Limerick about food: My favorite food is baloney
Though some people think it is phony
Despite what they say

0 1 1
It’s still the best way
To make a sandwich, in my opinion!

0 1 2
It’s still the best way
To make a sandwich, in my opinion!

0 .5 1
It’s still the best way
To make a sandwich, don’t you agree?

.7 1 1
It’s still the best way
To start off each and every day!

It’s still good to eat
And I’ll continue to eat it with glee.

It’s still the best way
To make a sandwich, with or without mayo!

It tastes great any day
And I’ll eat it as long as I live

It tastes great any day
And I’ll eat it as long as I live

.7 1 5

It’s still yummy today
And I’ll still eat it with bolognaise.

It’s still yummy to me
And I’ll eat it every day if I want to!

.7 .5 3
It’s still the best way
To make a sandwich, don’t you agree?

It’s still the best way
To make a sandwich, don’t you agree?

It’s still the best way
To make a sandwich, in my opinion!

The 0 1 2 experiment was just a sanity check to make sure I wouldn’t see variation when temp was set to 0. After setting the BO to a rather high (and expensive) number 5, I thought it was interesting to see the word yummy show up twice, even though it didn’t show up in the .7 1 1 round. ( I do like the word “yummy” in this context, and I could probably be convinced it’s a “better” word, although the completion lines weren’t particular noteworthy).
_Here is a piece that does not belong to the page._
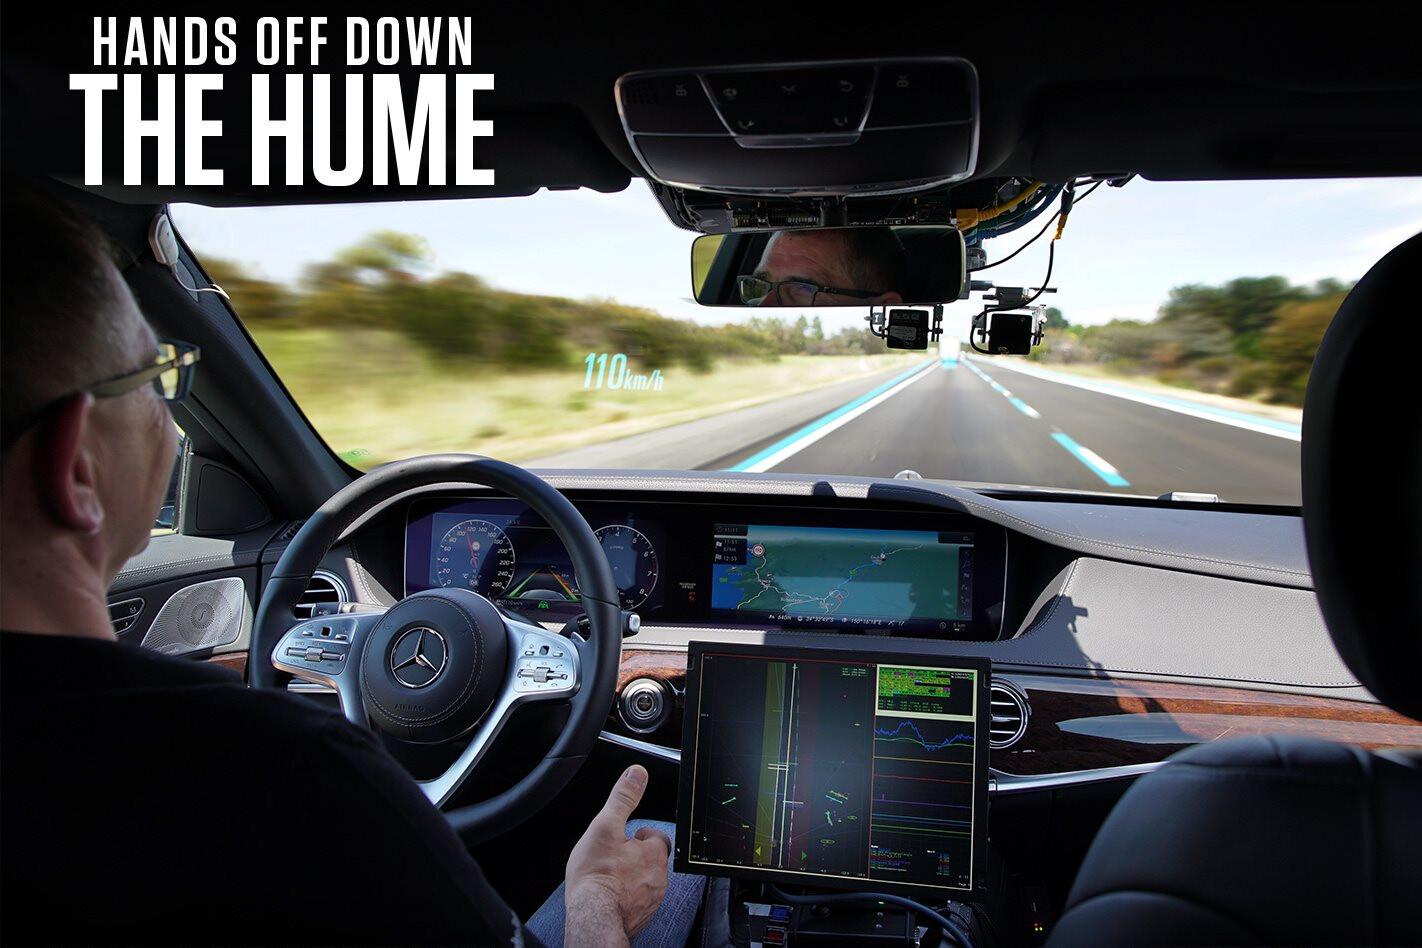 We ride shotgun in an autonomous Mercedes S-class

Interestingly, dialing top_p down to .5 with a BO of 3 resulted in two iterations of the 0 .5 1 result, and one iteration of the 0 1 1 result. Can anyone help explain why this would be true?

Non-technical opinions and observations as to whether a non-zero temp and BO > 1 can generate better results than temp = 0 and BO = 1 are welcome!

2 Likes

Along similar lines, if “best of” simply means “most probable of”, then it’s not really “best of”, is it? “Best of” implies some external yardstick of quality.

3 Likes

@nimblebooksllc Indeed!

@PaulBellow any chance you could shed some light on this question?

I too am wondering how to use best_of best. Although I thought it would be related to n.

best_of tells GPT to generates multiple responses at its end

Once it has done this, it ranks them based on quality and return the number you have in the n setting

So best_of will always be more than (or the same as) n

It is really there so you can set a high temperature and the AI can go crazy, and then get it to pick the best score (I assume it compares the embedding vector of the prompt with the embedding vectors of the completions and takes the highest value).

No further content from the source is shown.